- Information provided -
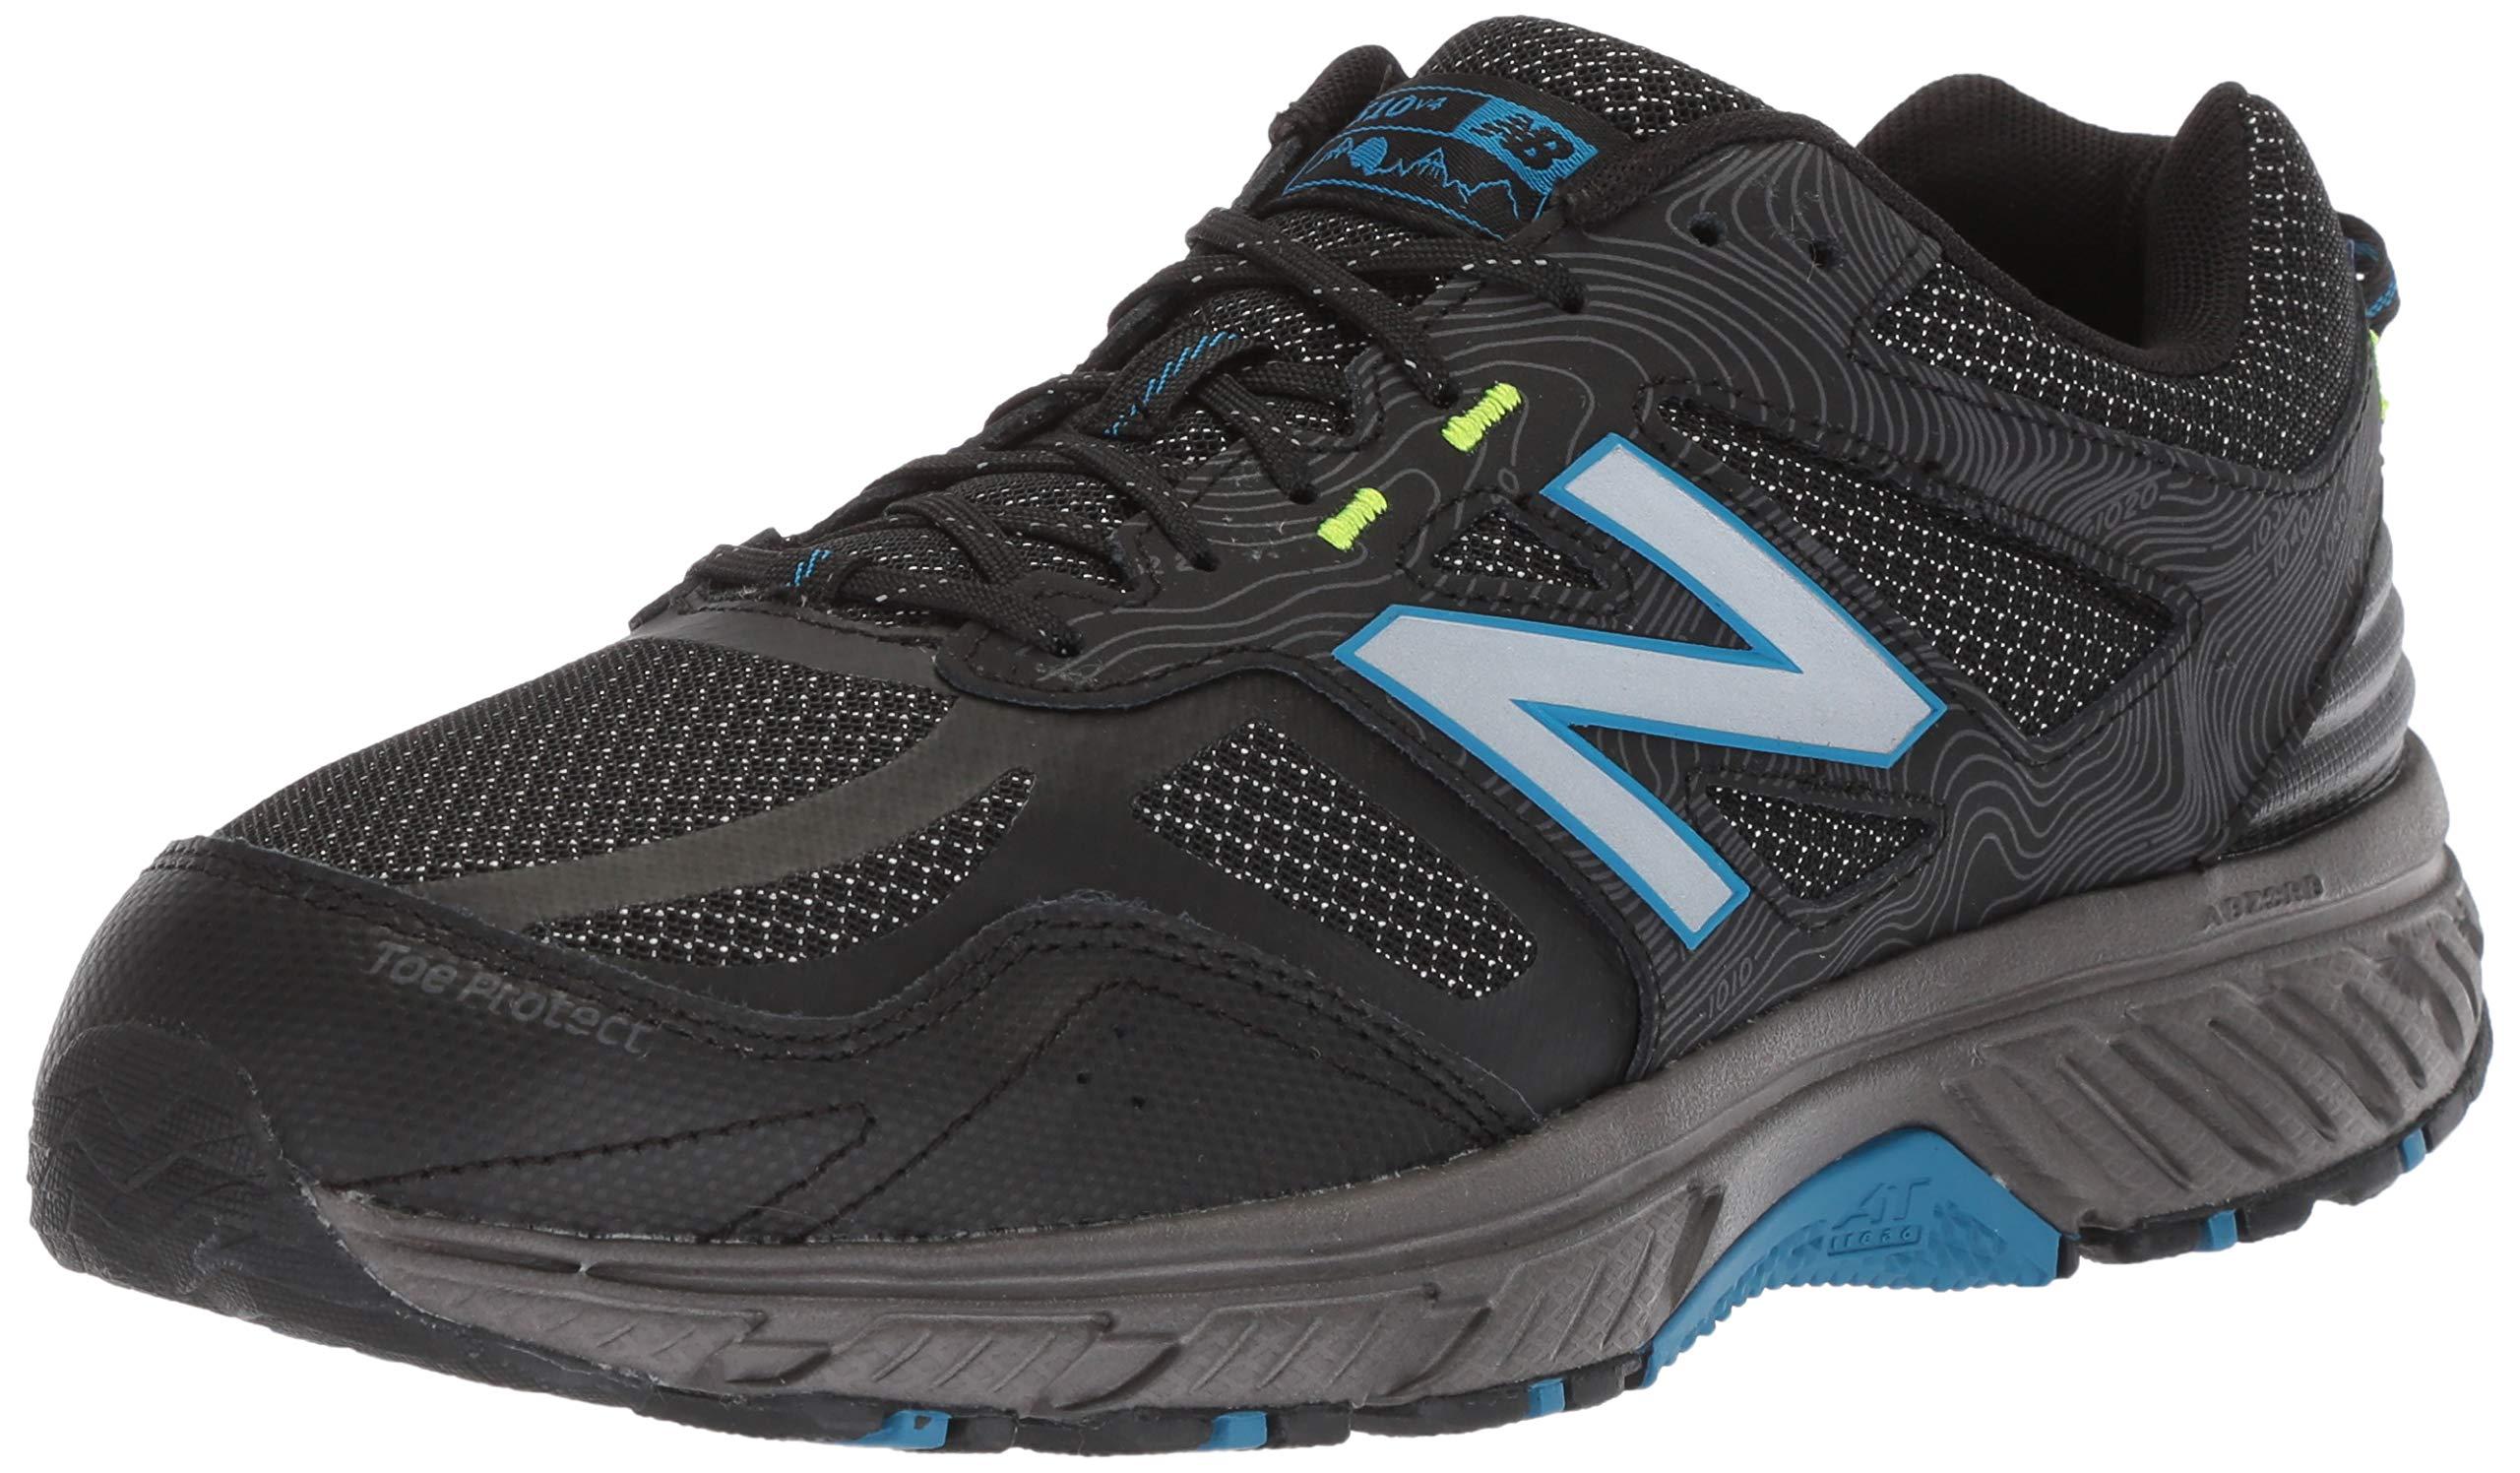 New Balance Men's 510v4 Cushioning Trail Running Shoe, Magnet/Black/Reflective, 7 D US
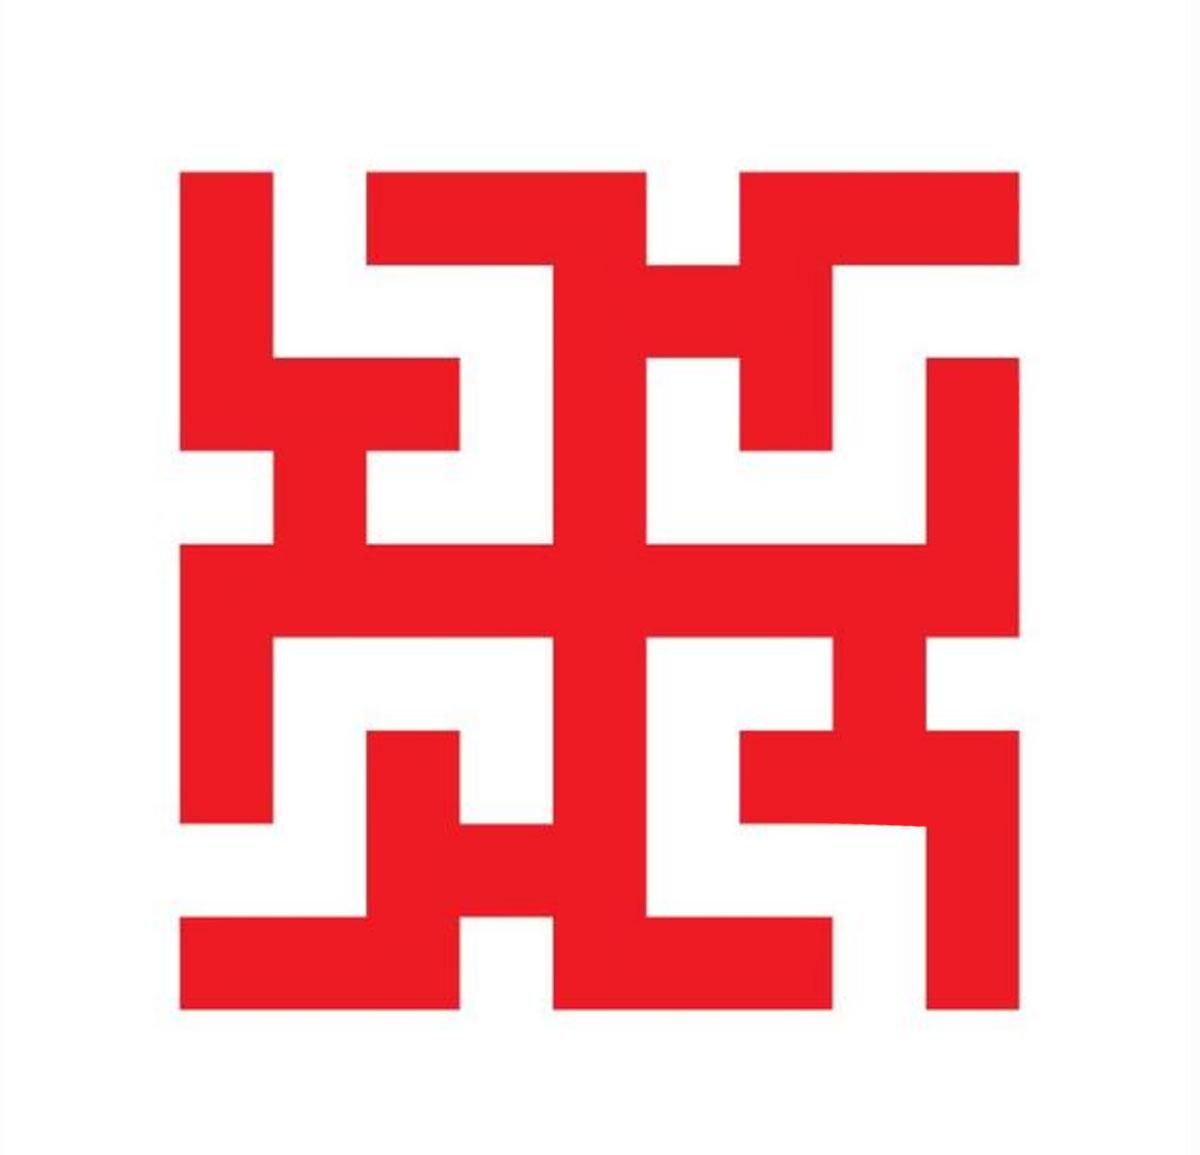 духобор значение символа
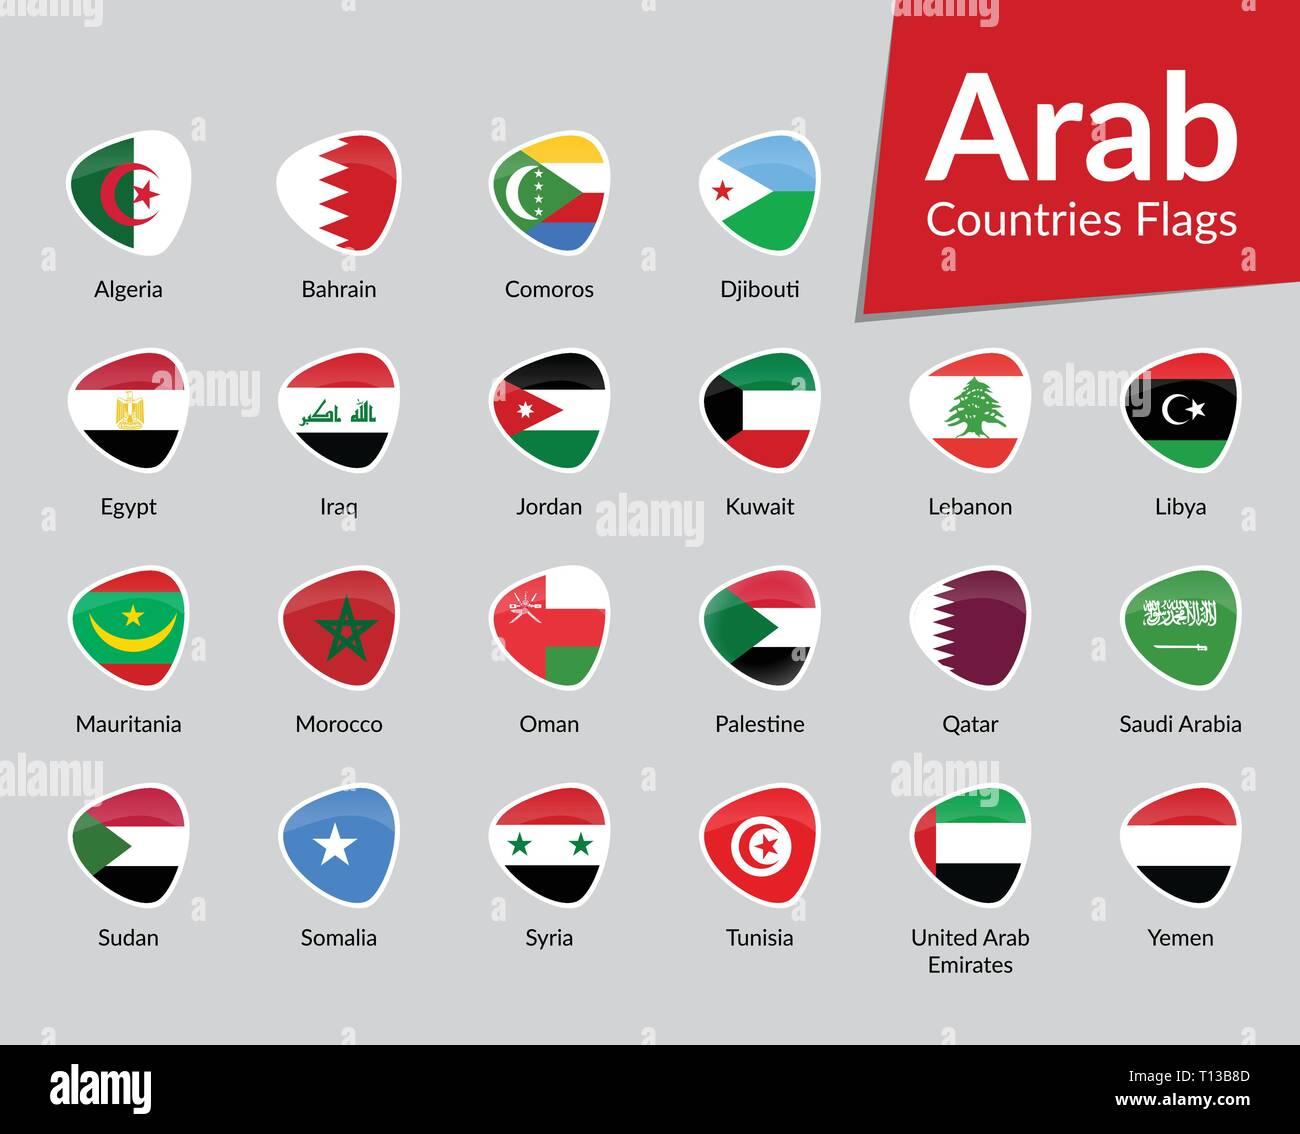 Arab Countries Flags vector icon collection - Stock Vector

- What is required -
Set the listing above down again exactly, leaving pictures out.

- Expected output -
 New Balance Men's 510v4 Cushioning Trail Running Shoe, Magnet/Black/Reflective, 7 D US
 духобор значение символа
 Arab Countries Flags vector icon collection - Stock Vector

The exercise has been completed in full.